Authors reported intellectual ability for only 24% of participants (n = 98). Of these, 49% (n = 48) were identified as having an ID or had a reported IQ score of below 70 points. Cognitive estimates were reported for 32% (n = 60) of participants less than 7 years of age without an IQ evaluation. Of these, 35 (58%) were reported to have significant impairments and 25 (42%) were reported to not have such impairments. Overall, 83 participants (20%) were reported to have ID or cognitive impairments, 75 (18%) were reported not to have these impairments, and no information was provided for the remaining participants (n = 251; 61%). Few studies included data on cognitive ability and placement (n = 83), but available data suggest that those with ID were more likely to have a placement in a self-contained setting: 56% of participants with ID were in a self-contained setting while only 12% of those reported as having no ID were in self-contained settings.
Contextual Variables
Setting and arrangement
Most studies were conducted in school settings, with 132 (49%) conducted in the context of student-led school activities (e.g., recess) and 48 (18%) conducted in the context of teacher-led activities (e.g., direct instruction).
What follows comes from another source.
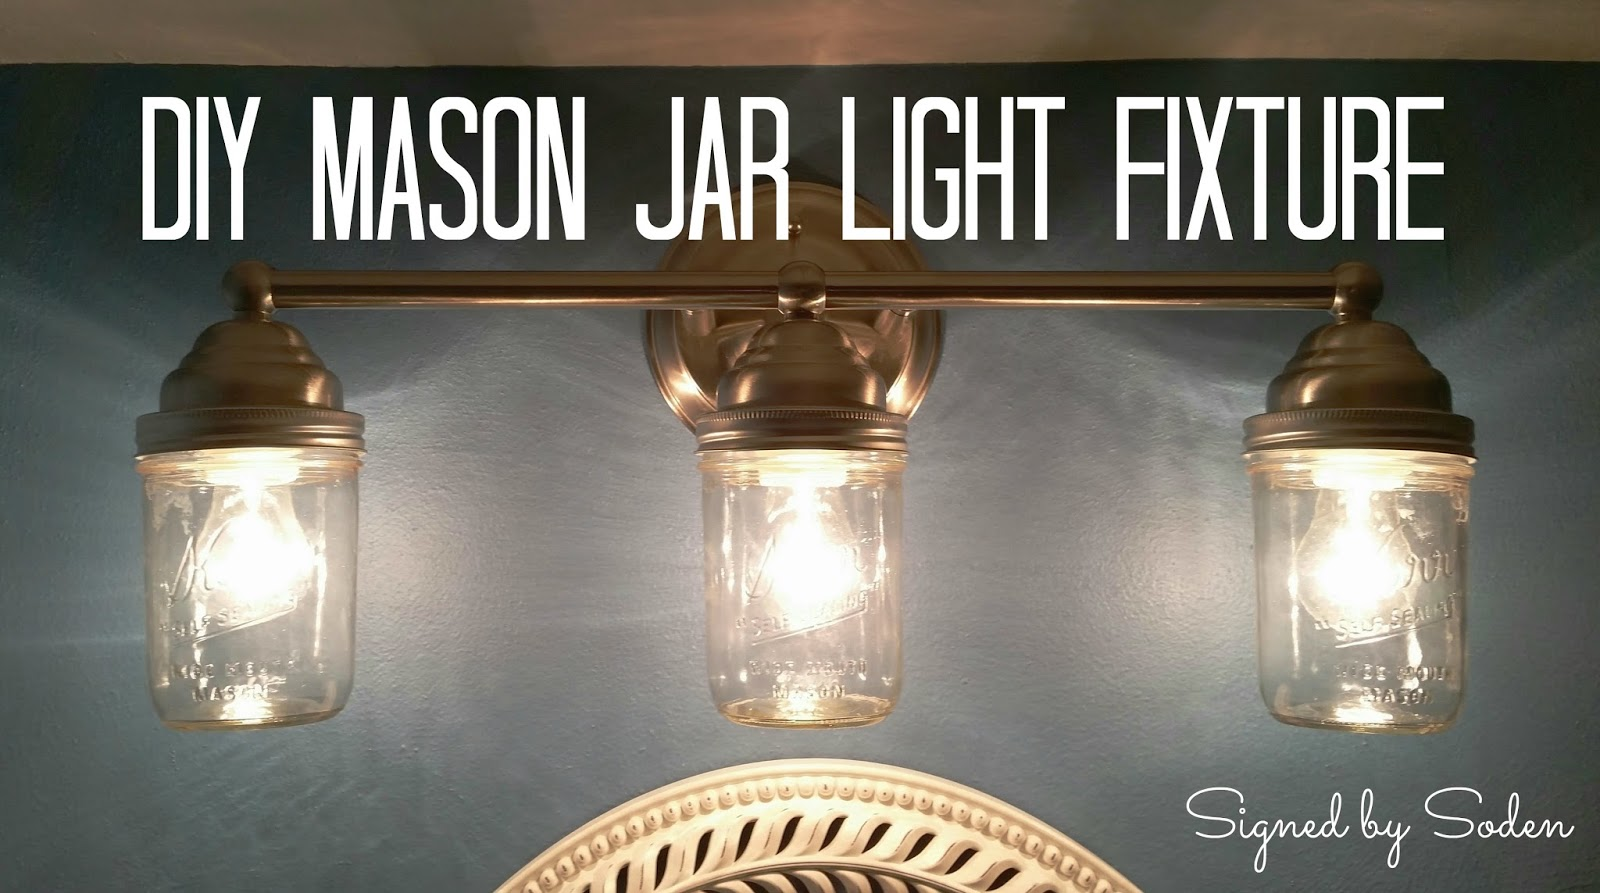 Diy mason jar light fixture signed by soden diy mason jar light fixture mozeypictures Image collections

Other common settings included homes (n = 29; 11%) and clinics (n = 34; 13%). Remaining studies were conducted in multiple (n = 18; 7%) or unreported (n = 2; 1%) settings. Measurement was often conducted in 1:1 arrangements (adult implementer; n = 148; 56%), with other individuals in small group arrangements (n = 82; 31%), in whole group arrangements (n = 2; 1%), or arrangements with no identified group size (n = 31; 12%; for example, typical play settings with any number of peers).
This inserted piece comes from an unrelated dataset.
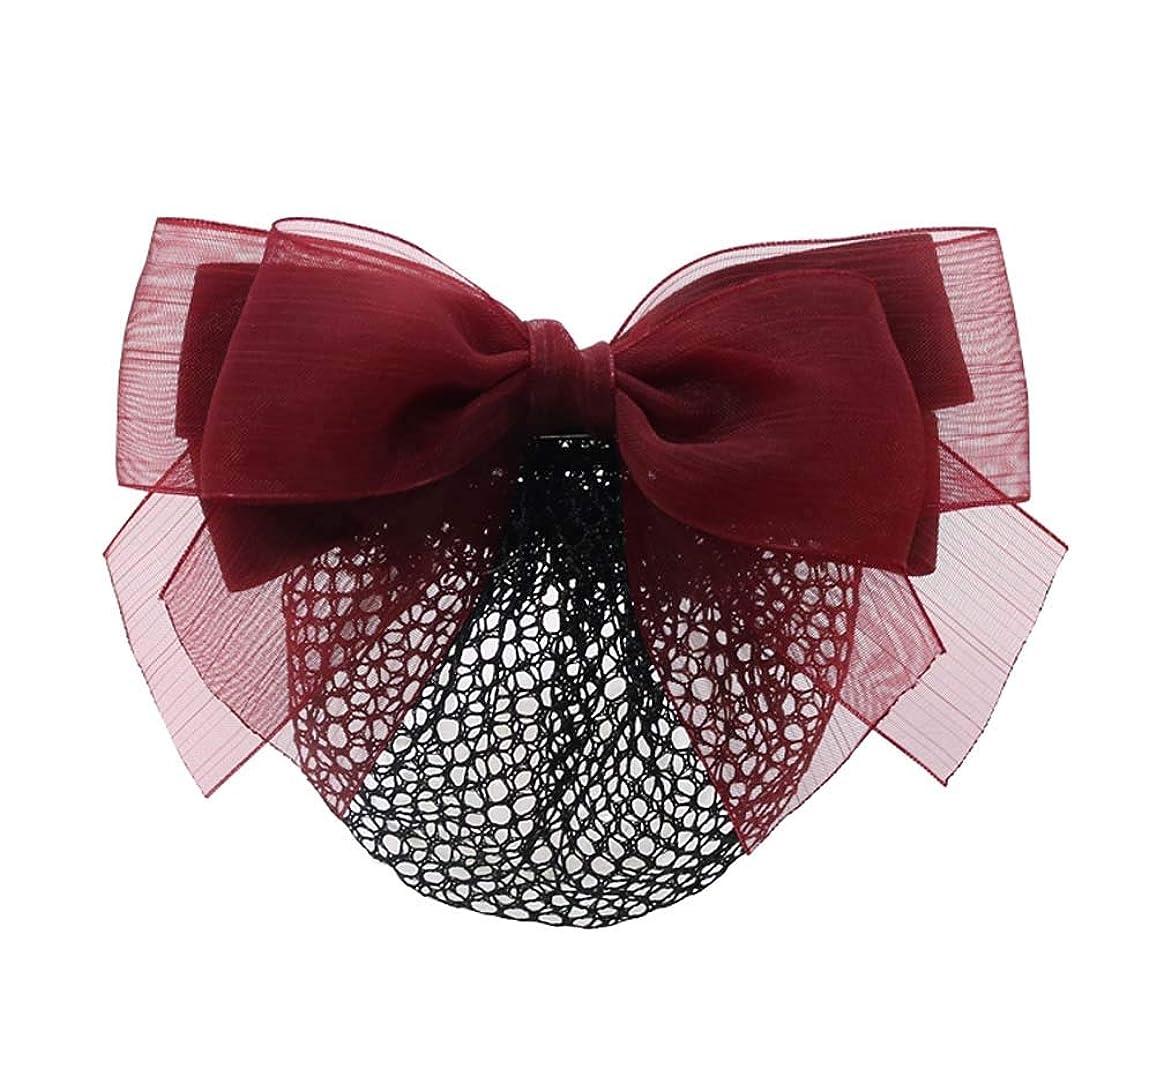 決定する一部電気2枚おだんごヘアカバーネッツ女性の女の子のためのちょう結びの装飾ヘアクリップ、 ワインレッド

Implementers and social partners
Researchers implemented instruction in 140 studies (53%). Other implementers included teachers, therapists, or assistants (n = 37; 14%), peers (n = 27; 10%), and parents (n = 17; 6%). In 32 studies (12%), the role of the implementer was not identified; 10 studies (4%) featured multiple implementers. Peers (n = 117; 44%) and researchers (n = 82; 31%) commonly appeared as social partners. Parents (n = 14; 5%) and teachers (n = 17; 6%) appeared less often. Some studies used a variety of social partners (n = 23; 9%), and a small number did not report social partner type (n = 10; 4%). The most common combination of implementer–social partner was researcher–researcher; the researcher implemented the intervention and served as the social partner. As unspecified implementers and social partners were likely researchers, 35% of the studies may fit into this researcher–researcher category.
Treatment Components
Most studies (n = 161; 61%) used more than one treatment component. The most frequently used stand-alone antecedent interventions were prompting (n = 27; 10%), peer training (n = 22; 8%), and social skills training (n = 17; 6%). Priming (n = 15; 6%), environmental arrangement (n = 14; 5%), and video-based interventions (n = 13; 5%) were also used alone; no other intervention component was used in isolation at least 10 times. The most common intervention combinations (used at least 10 times; see Table 2) were (a) prompting plus social skills training, (b) prompting plus environmental arrangement, and (c) prompting plus scripts. When considering uses across a number of intervention combinations, prompting (n = 112; 43%), social skills training (n = 69; 26%), and peer training (n = 57; 22%) frequently appeared as treatment components. Environmental arrangement (n = 38; 14%), scripts (n = 54; 21%), video (n = 29; 11%), priming (n = 24; 9%), responsive interactions (n = 16; 6%), academic-based groups (n = 7; 3%), and modeling (n = 4; 2%) appeared less frequently. In nine studies (3%), interventions categorized as “other” were used; these included sensory-based interventions, self-management training, imitation training, and training the use of alternative communication methods; these were usually combined with other intervention components.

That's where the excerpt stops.